The three men hopped in a tuk tuk and sped off, motioning for us to follow.

As we drove away from the border, we still hadn’t caught on to what was coming.  Two minutes later, however, we were pulled over on the side of the road.  The now four men handed us a billfor $245 USD!!!  We said it was very expensive.  They started making excuses, explaining that it is expensive and will be the same going to Nicaragua.  We resisted a bit, then took a look at the true situation.

We were alone.  We stood out.  We were surrounded by men, and although we could not see weapons, it was quite possible that weapons were there.  These people were local and connected, as was obvious by how they moved through the border. We had heard stories from their travellers of beatings and worse at this border.
We paid the money.  The helper demanded another $25 for the dog!  We paid.  He then asked for twenty more, for his tip!

We paid.

They had phoned ahead to the next border and had a helper ready there for us.

We got the hell out of there, and took the road to the more northern border.  An extra fifty clicks, but worth the peace of mind.

We went through, without help, into Nicaragua. 

We spent less than half a day in Honduras.
Nicaragua was clean.

We were raw after the border experience.

We camped.

Finn killed a chicken.

We went on a spectacular swimming tour down a canyon.

We drove to the old capital city of Leon.

A school project volcano loose on the left.  

We were on a long straight stretch.  The was no oncoming traffic.  A motorcycle was going maybe fifty in and eighty zone.  A Toyota Hilux truck was behind it.  We were behind the Hilux.

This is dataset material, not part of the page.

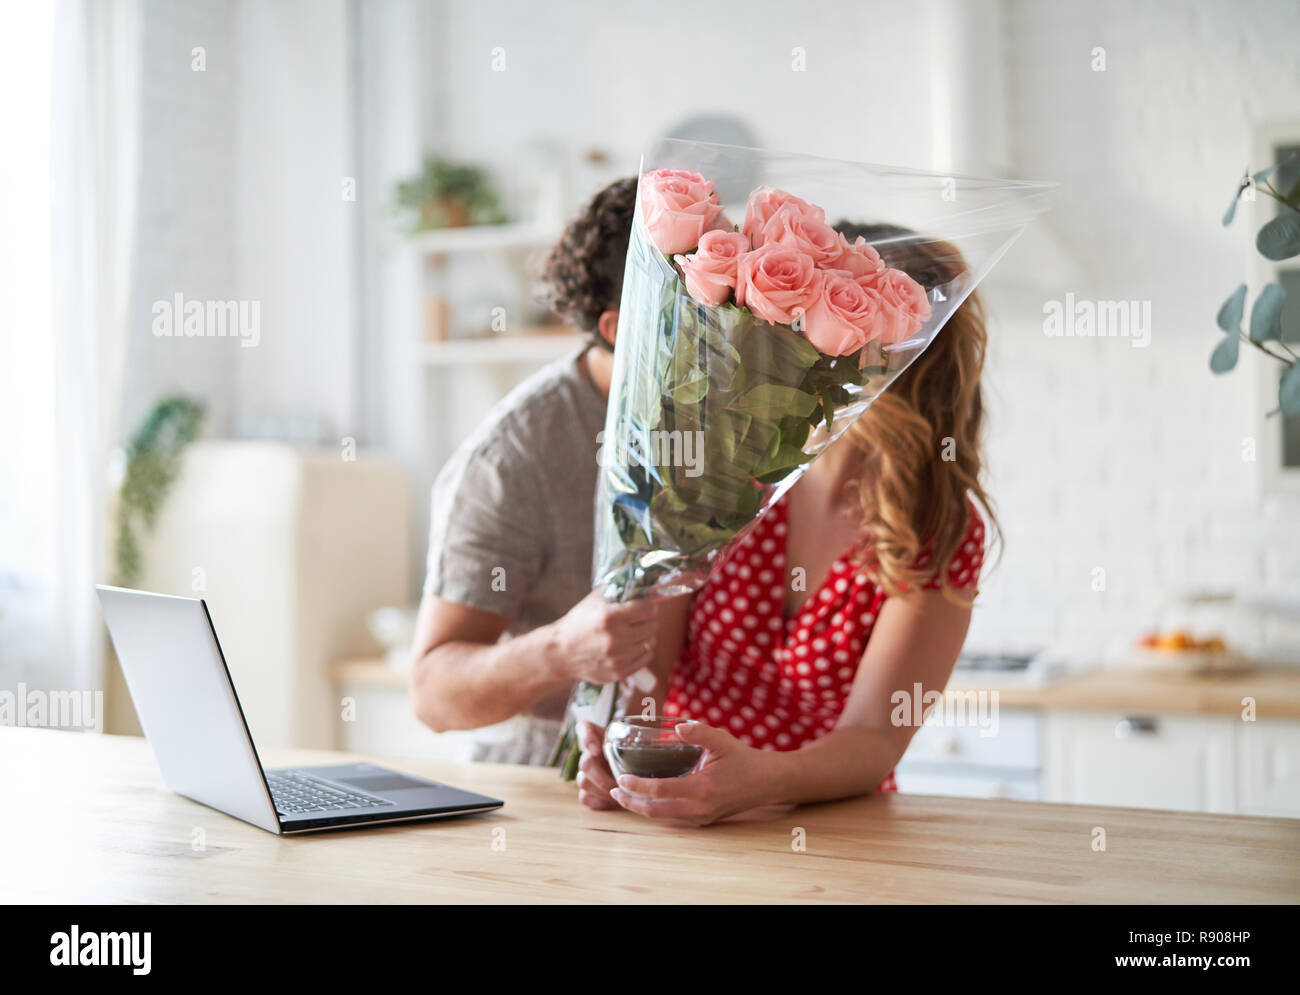 Sommer Urlaub, Liebe, Beziehung - Paar mit Blumenstrauß in der Küche. Laptop auf dem Tisch. Stockfoto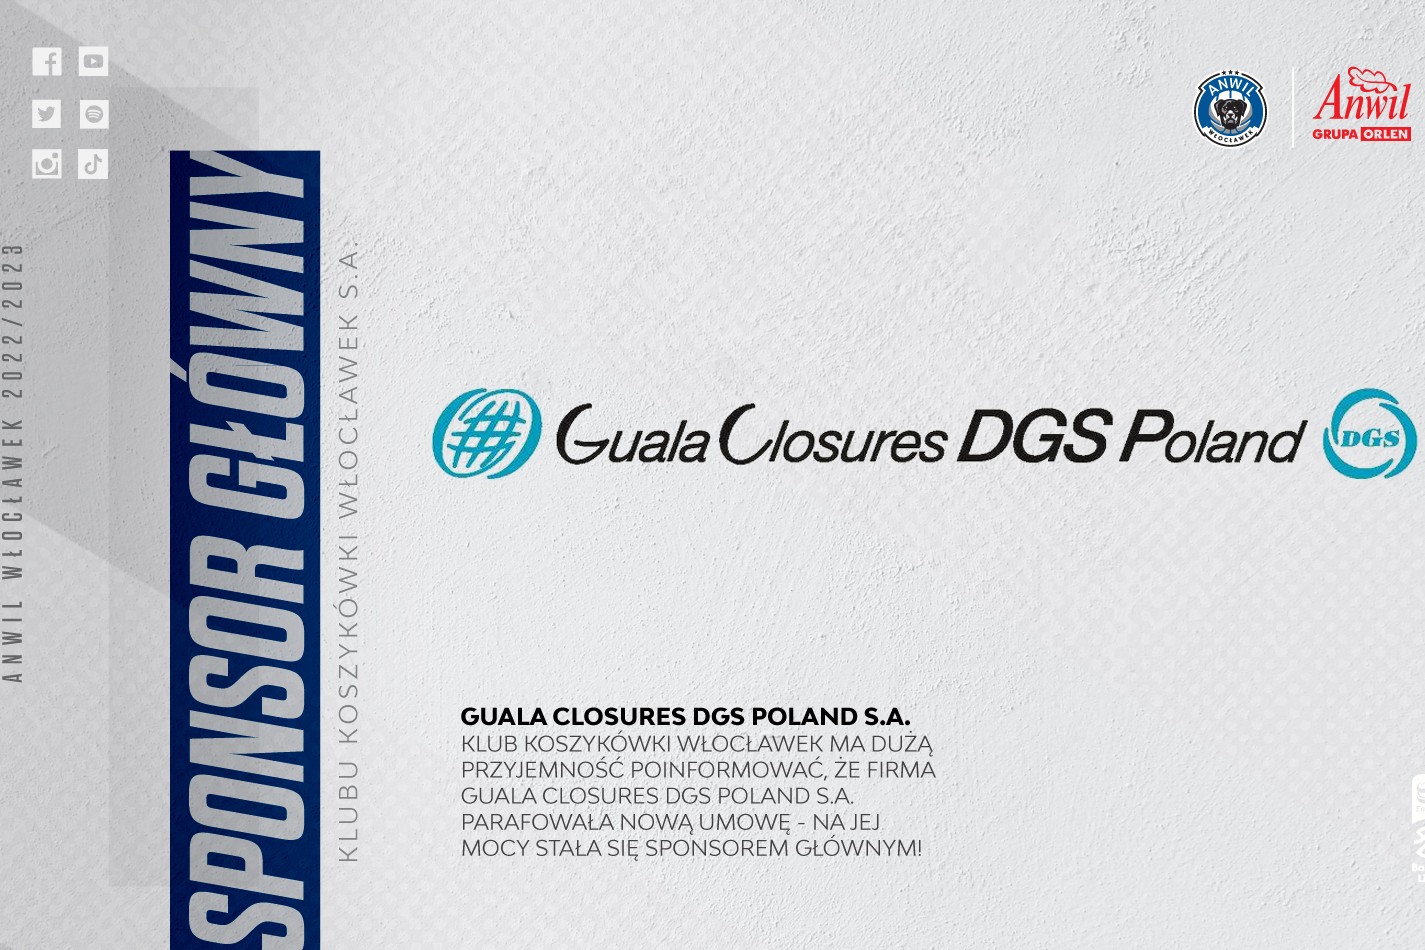 Guala Closures DGS Poland sponsorem głównym!

The Hilux signalled and went around.  We did the same and followed.  There was a police checkpoint maybe five hundred yards ahead.  The Hilux stopped and was waved through.  We stopped and were told to stay.

An angry policeman was yelling at me in Spanish about how I had gone over they yellow line and that it was an infraction. His was furious.  He said that he would keep my license and that I would have to go into the city and pay at a bank, then get my license back.  I argued that I had only done what the truck in front of me had done, and that they did not stop it.  He kept yelling.  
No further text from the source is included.